In the US, the independent market monitor’s (Monitoring Analytics) State of the market report for the first quarter of 2019 lists the subsidy proceedings going on and noted the significant effect state subsidies would have on the operation of the PJM market.

The issue of external subsidies, particularly for economic nuclear power plants, emerged more fully in 2017 and 2018 and the first three months of 2019. The subsidies are not part of the PJM market design but nonetheless threaten the foundations of the PJM Capacity Market as well as the competitiveness of PJM markets overall.

The Ohio subsidy proceedings, the Illinois ZEC legislation to subsidize the Quad Cities nuclear power plant, the request in Pennsylvania to subsidize the Three Mile Island and other nuclear power plants, the New Jersey legislation to subsidize the Salem and Hope Creek nuclear power plants, the potential U.S. DOE proposal to subsidize coal and nuclear power plants, and the request by FirstEnergy to the U.S. DOE for subsidies consistent with the DOE Grid Resilience Proposal, all originate from the fact that competitive markets result in the exit of uneconomic and uncompetitive generating units. Regardless of the specific rationales offered by unit owners, the proposed solution for all such generating units has been to provide out of market subsidies in order to retain such units. The proposed solution in all cases ignores the opportunity cost of subsidizing uneconomic units, which is the displacement of new resources and technologies that would otherwise be economic. These subsidies are not accurately characterized as state subsidies. These subsidies were all requested by the owners of specific uneconomic generating units in order to improve the profitability of those specific units. These subsidies were not requested to accomplish broader social goals. Broader social goals can all be met with market-based mechanisms available to all market participants on a competitive basis and without discrimination.

In late July, PJM cancelled its 2019 capacity auction after FERC refused to make the changes PJM proposed to the rules for the capacity market to account for state subsidies. 


Because of the high cost of non-supply and storage, electricity markets are justifiably concerned about the coordination of investment, contracting and operational decisions to achieve satisfactory levels of reliable supply. This paper notes the two well-tested (quantity and price driven) approaches electricity markets have taken to achieve adequate levels of reliability. It argues that both approaches are sufficiently similar that they both attract the same criticisms and are often dragged into confused debates that misunderstand the underlying problem.

Reliability problems in electricity markets across the world today are increasingly linked to the speed of transition to a low emission generation mix. This technology-driven transition is being led by choices made by market participants, businesses and consumers to invest in renewable energy resources. These choices are influenced by each decision maker’s appetite for change (capital risk/reward) and the price signals in the spot market, but are also increasingly driven by the incentives inserted into markets by government emissions reduction policies.

These choices change the supply and demand balance in the market.

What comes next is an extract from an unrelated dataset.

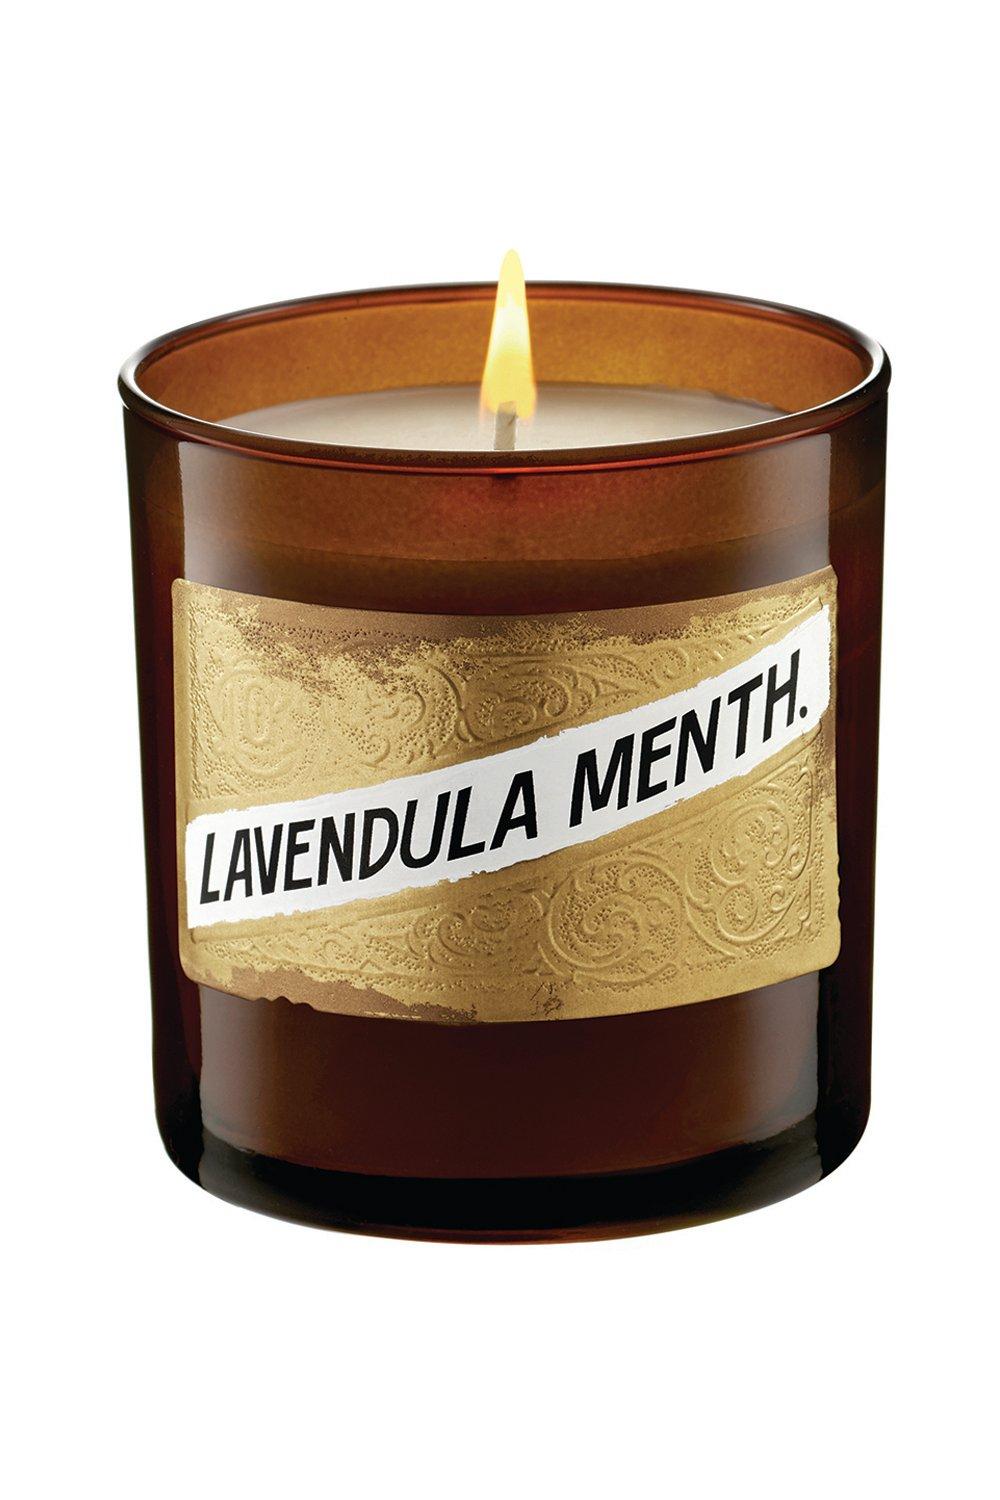 Lavendula Menth (Lavender Peppermint) Candle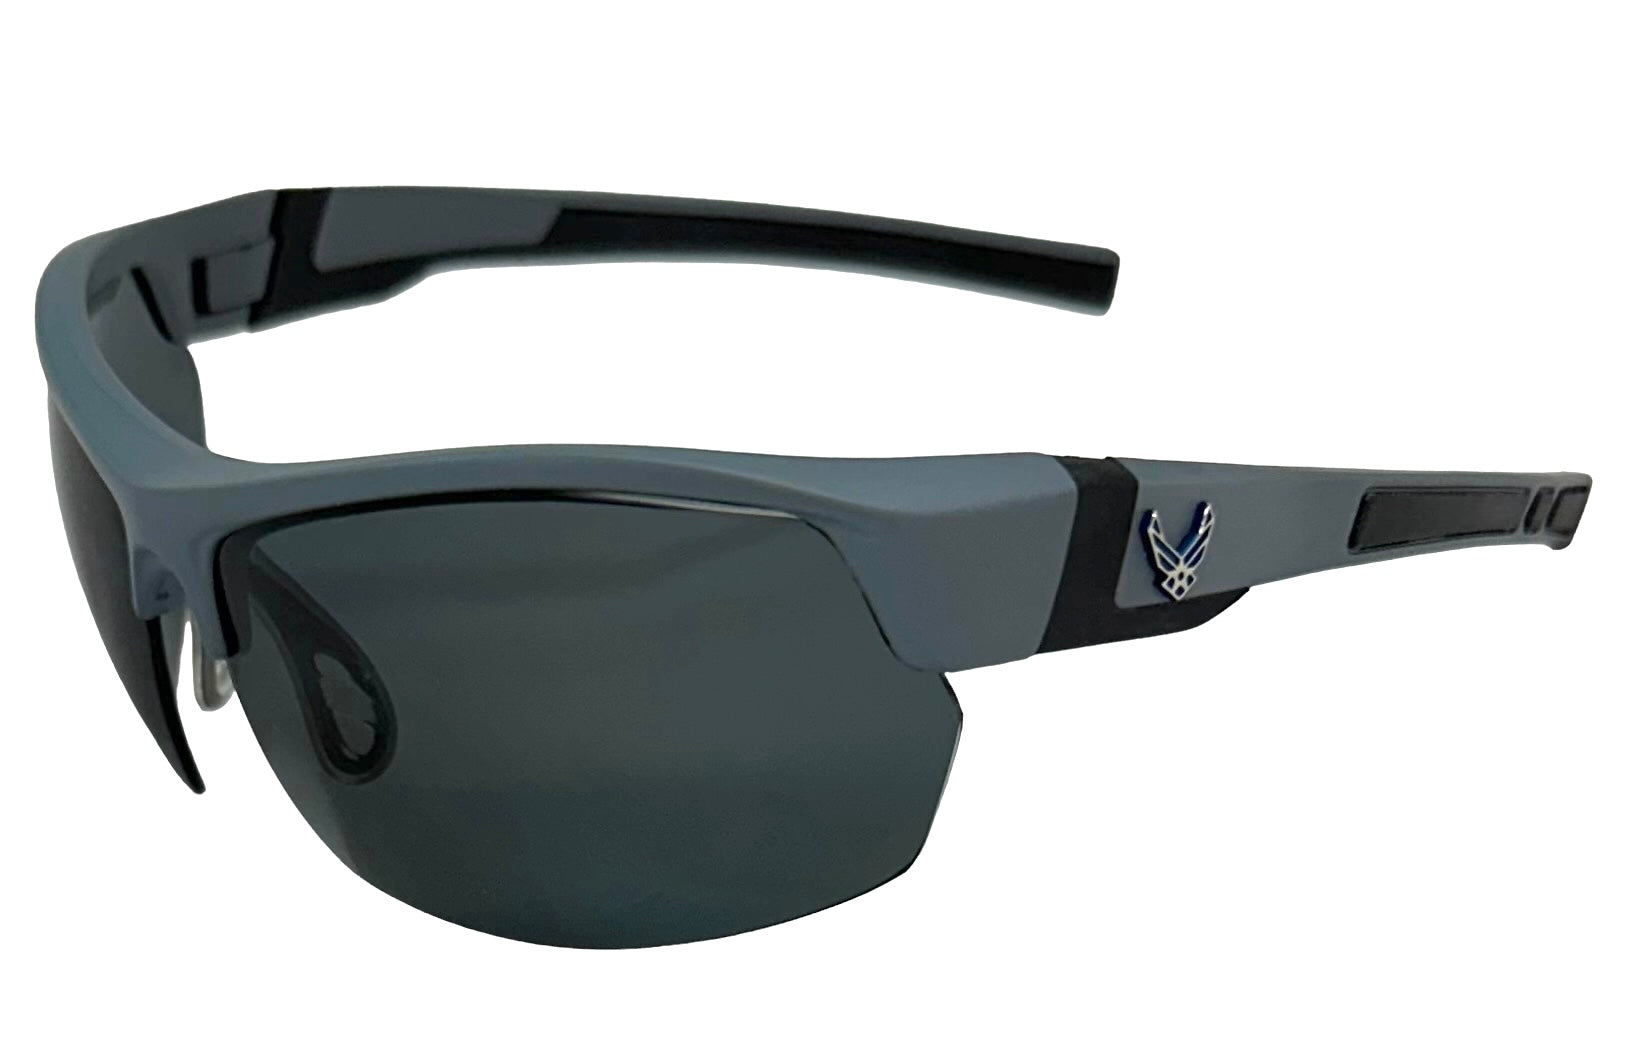 Polarized Sunglasses For Fishing From Solar Bat

They affect the retirement of thermal generation and consequently change the reliability of supply experienced by consumers.

The choice of market design has little influence over the impact of policies and costs.  Markets will reflect the costs flowing from consumer choices and government policies. The global debate today is exploring more effective and less costly options in which governments coordinate and size emissions policies that encourage a pace of change that both supports market-led investment responses to reliability concerns and minimises the amount of central intervention required to then slow it (eg delay thermal retirement).